As part of its climate and nature plan 2024-2025, the European Central Bank (ECB) announced on Tuesday 30 January that it will be stepping up its work on nature and climate change, identifying three main areas.
Firstly, the ECB will extend its work on the consequences of climate change on the economy, in particular, the transition costs and investment needs that these phenomena entail. The ECB announces that it will also study, within the framework of its mandate, “the case for further changes to its monetary policy instruments and portfolios in view of this transition”.
Secondly, the ECB will focus its efforts on the growing physical impact of climate change on the economy and the financial sector. It will also be looking more closely at the effects of measures to adapt to rising temperatures, the cost of not adapting, the investment needed for the transition and the shortfall in insurance protection.
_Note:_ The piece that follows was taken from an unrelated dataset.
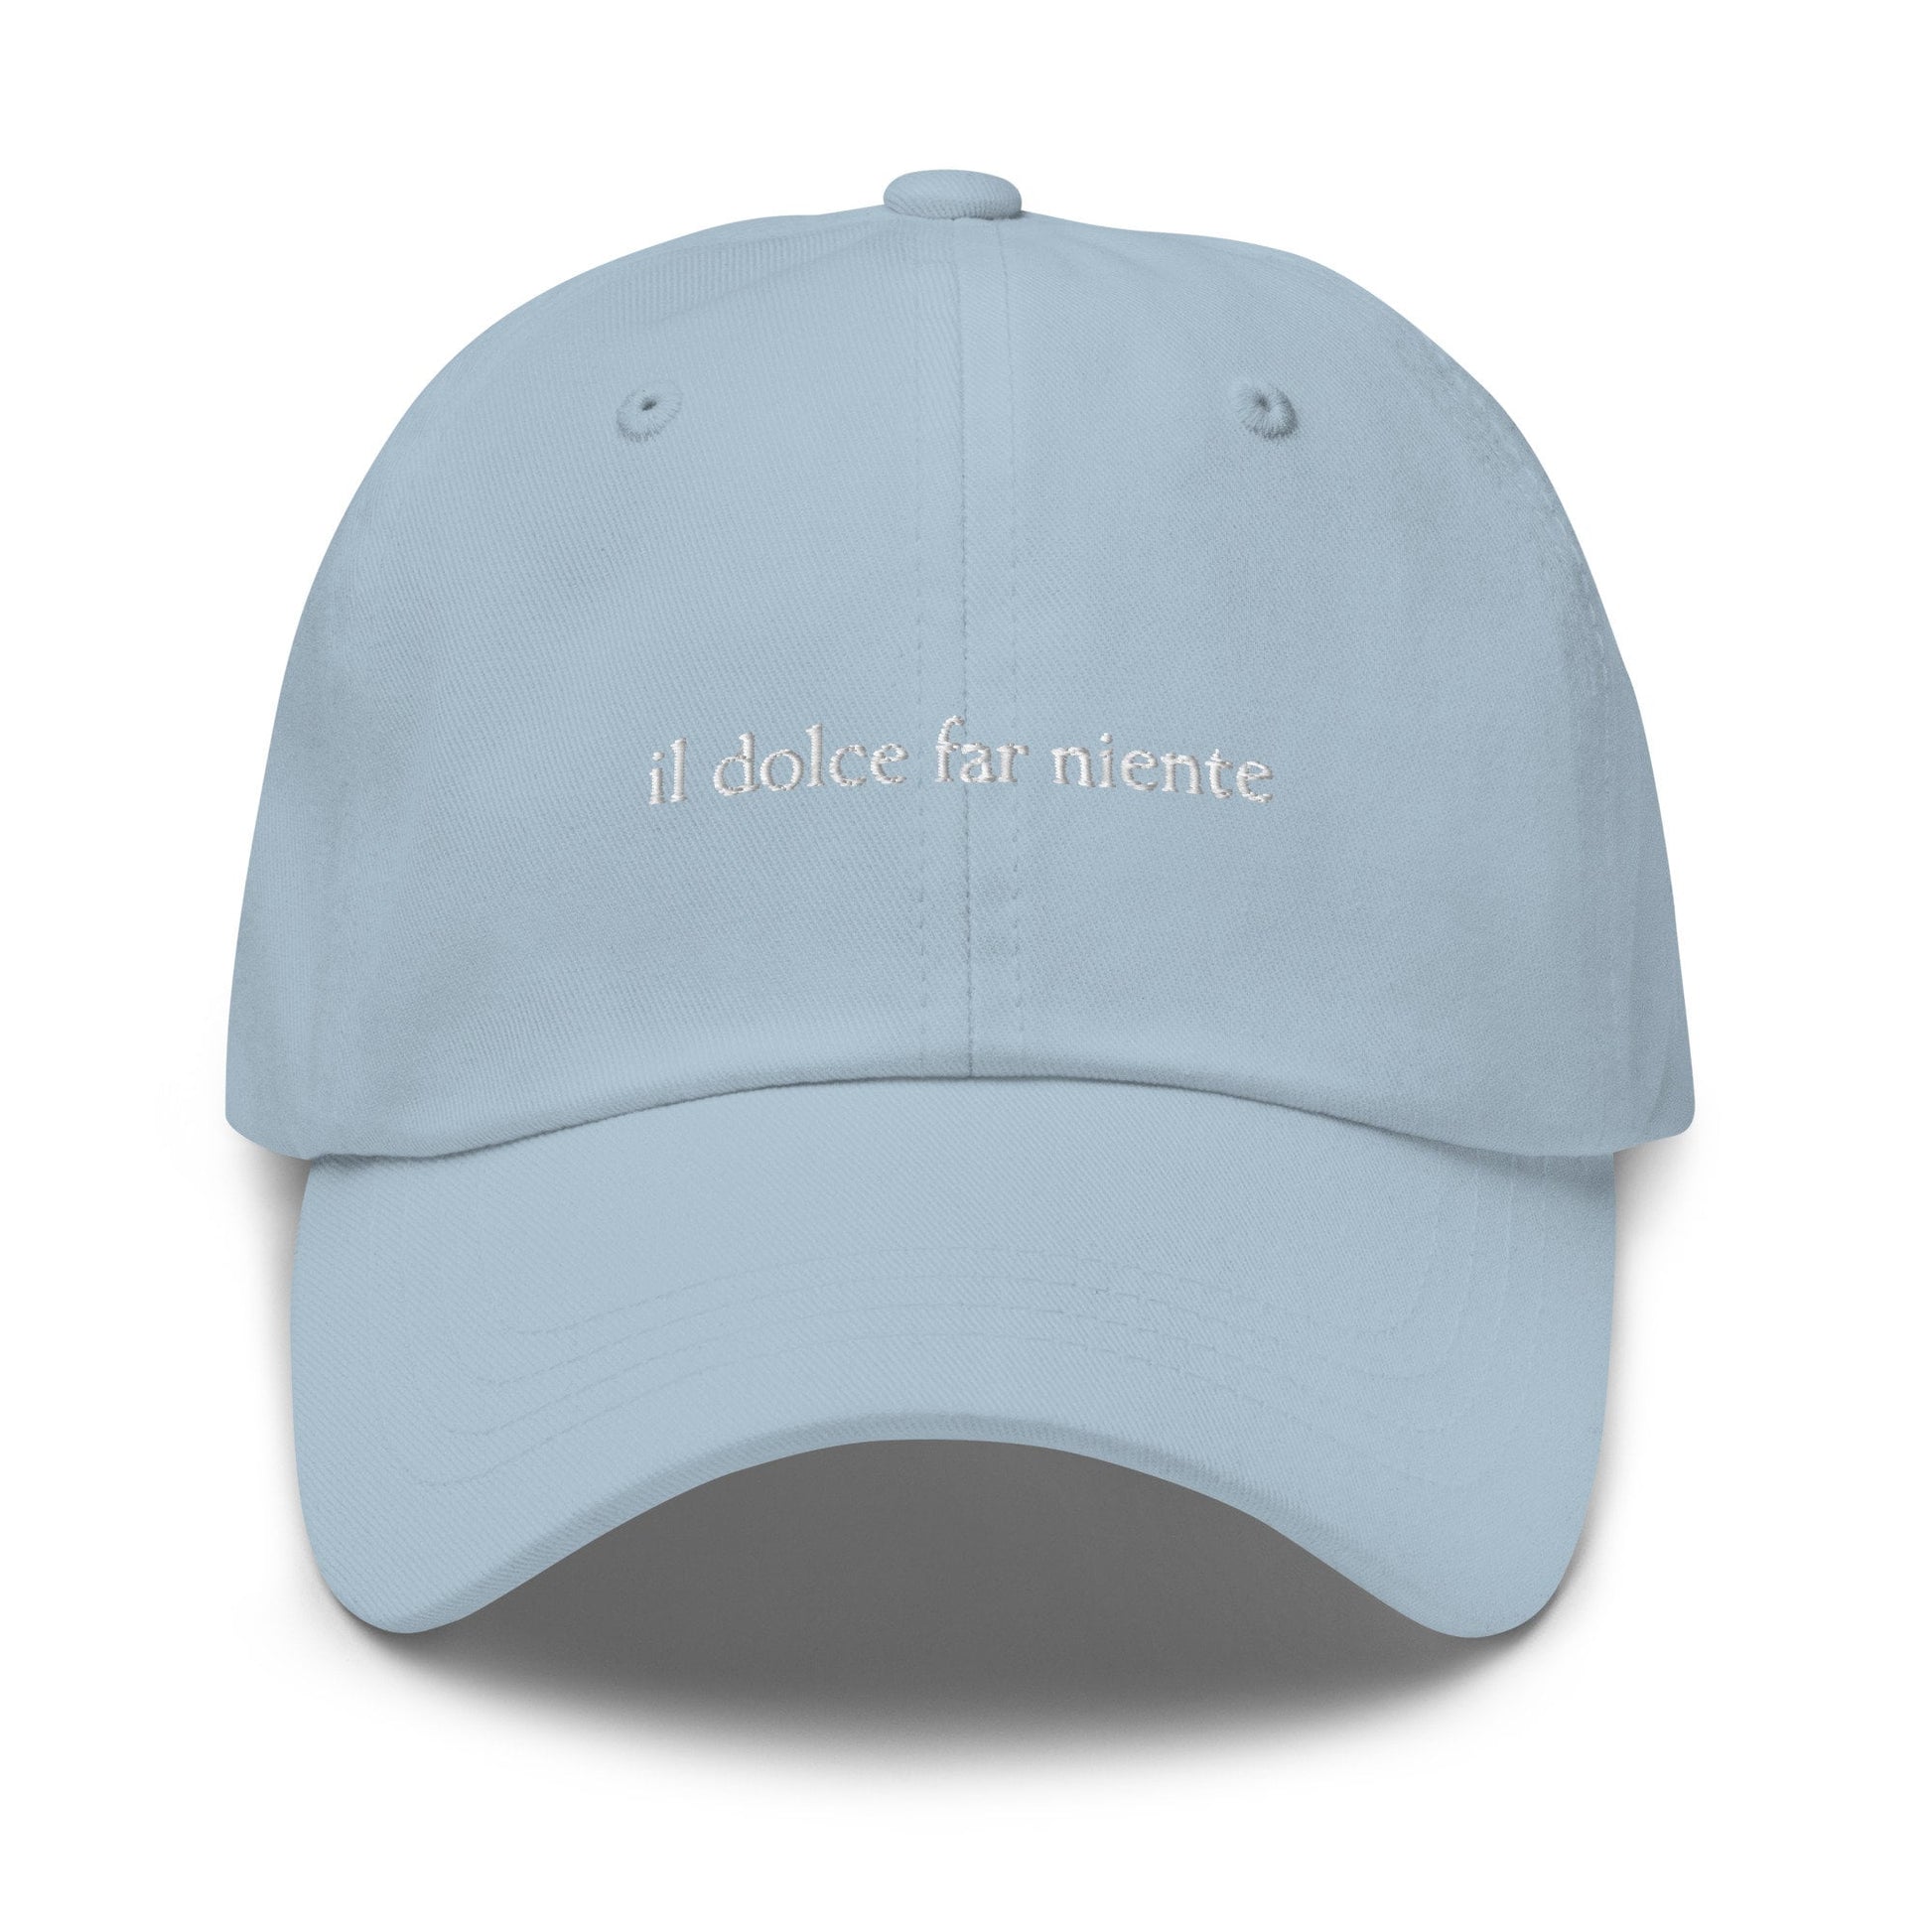 Il Dolce Far Niente Dad Hat - The Italian Art of Doing Nothing - Cotton Embroidered Cap - Multiple Colors

Finally, the ECB intends to focus on the risks arising from the degradation of nature and the loss of nature and biodiversity, the impact of this degradation on the economy and the financial system and, consequently, on its own work. This last point had already been the subject of work by the ECB (see EUROPE 13294/26, 13316/17).
In addition, the institution will be launching work on its own operations and will be launching its eighth environmental management programme to support the achievement of its 2030 CO2 emissions reduction targets.
The ECB notes that, without prejudice to its primary objective of price stability, it must support the general economic policies of the EU with a view to contributing to a high level of environmental protection.
In addition, following the review of its strategy in 2021, the ECB introduced elements relating to climate change into its monetary policy framework.